Process Batch: 100%|##########################| 630/630 [05:18<00:00, 1.98it/s]
|2024-12-02|14:58:52.845| [INFO] Finish: 0
|2024-12-02|14:58:52.846| [INFO] --Input: tmp/sample_wsi.svs
|2024-12-02|14:58:52.847| [INFO] --Output: /newdata/u1973415/TIAToolbox/tiatoolbox/examples/tmp/wsi_features/0
Post-processing and Visualization¶
These deep features could be used to train a downstream model. However, in this section, we will use UMAP
reduction to visualize the features in RGB space to gain some intuition about what the features represent. Points labeled with similar colors should have similar features, allowing us to check if the features naturally separate into different tissue regions when we overlay the UMAP
reduction on the WSI thumbnail.
The method returns a list of paths to its inputs and the processed outputs saved on disk. These paths can be used to load the results for further processing and visualization.
# First we define a function to calculate the umap reduction
def umap_reducer(x: np.ndarray, dims: int = 3, nns: int = 10) -> np.ndarray:
"""UMAP reduction of the input data."""
reducer = umap.UMAP(
n_neighbors=nns,
n_components=dims,
metric="manhattan",
spread=0.5,
random_state=2,
)
reduced = reducer.fit_transform(x)
reduced -= reduced.min(axis=0)
reduced /= reduced.max(axis=0)
return reduced
# load the features output by our feature extractor
pos = np.load(global_save_dir / "wsi_features" / "0.position.npy")
feats = np.load(global_save_dir / "wsi_features" / "0.features.0.npy")

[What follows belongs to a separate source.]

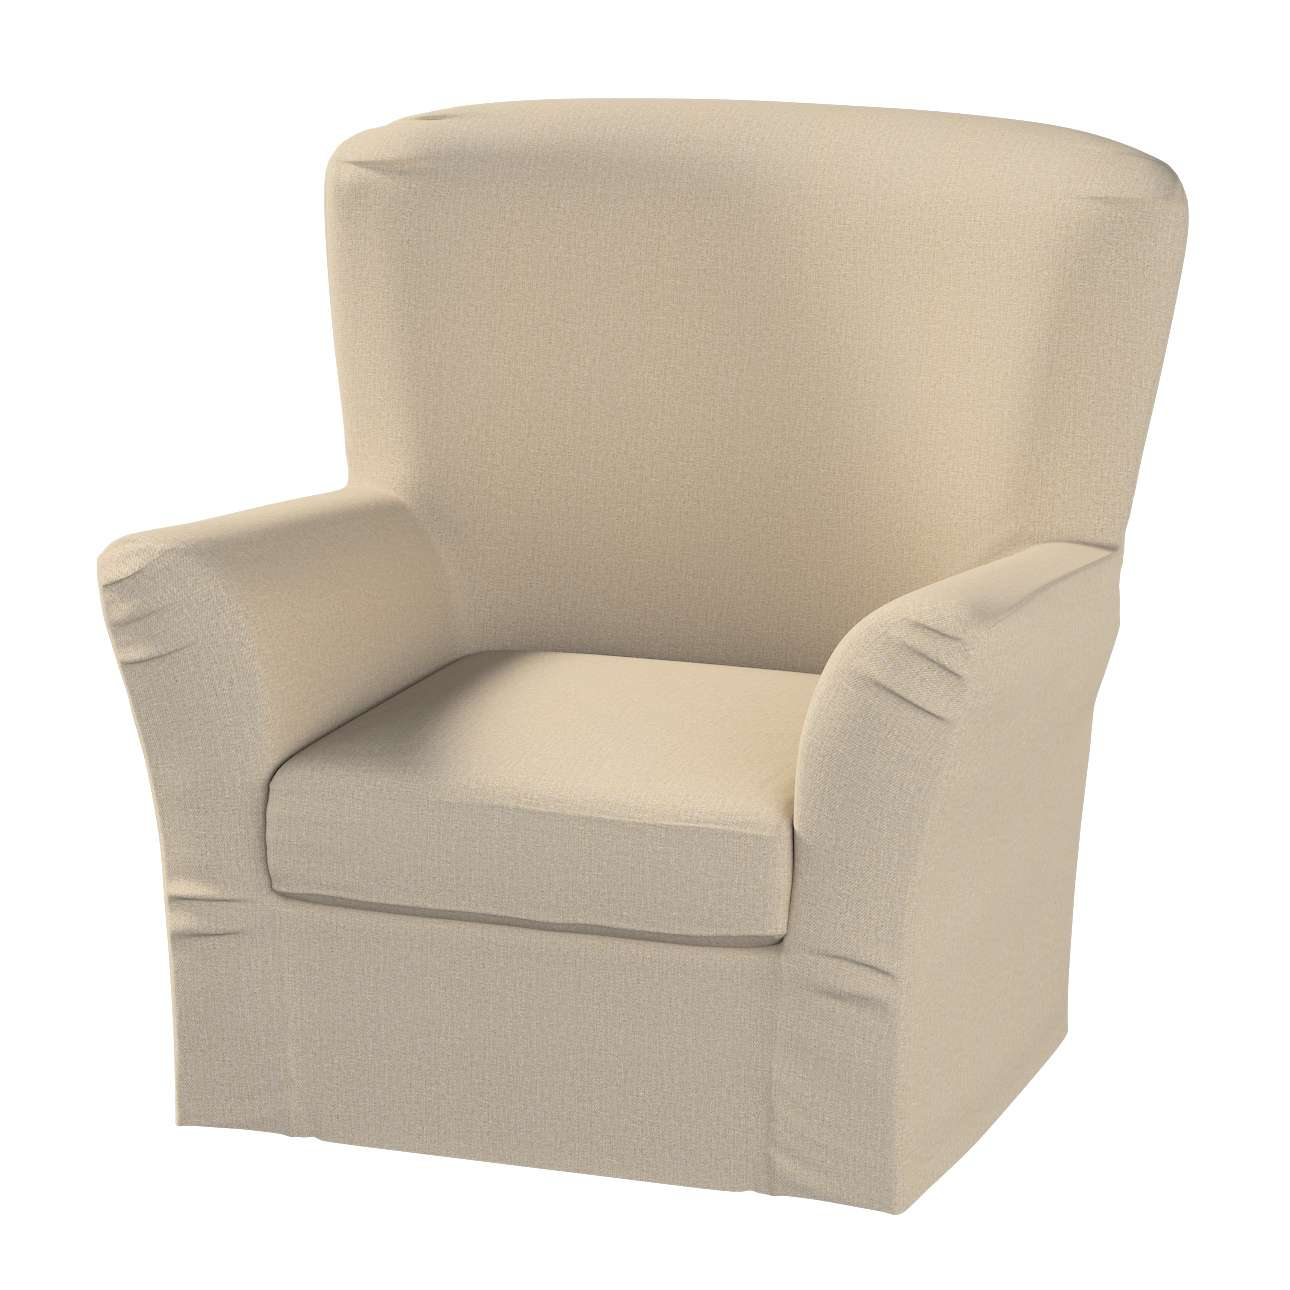 TOMELILLA fotelio užvalkalas TOMELILLA fotelis kolekcijoje Edinburgh , audinys: 115-78

pos = pos / 8 # as we extracted at 0.5mpp, and we are overlaying on a thumbnail at 4mpp
# reduce the features into 3 dimensional (rgb) space
reduced = umap_reducer(feats)
overview_resolution = (
4 # the resolution in which we desire to merge and visualize the patch predictions
)
# the unit of the `resolution` parameter. Can be "power", "level", "mpp", or "baseline"
overview_unit = "mpp"
wsi = WSIReader.open(wsi_path)
wsi_overview = wsi.slide_thumbnail(resolution=overview_resolution, units=overview_unit)
plt.figure(), plt.imshow(wsi_overview)
plt.axis("off")
# plot the feature map reduction
plt.figure()
plt.imshow(wsi_overview)
plt.scatter(pos[:, 0], pos[:, 1], c=reduced, s=1, alpha=0.5)
plt.axis("off")
plt.title("UMAP feature embedding")
Text(0.5, 1.0, 'UMAP feature embedding')


We observe that the feature map from our feature encoder captures similar information about the tissue types in the WSI, as different tissue types appear in distinct colors. This serves as a good sanity check, confirming that our models are functioning as expected.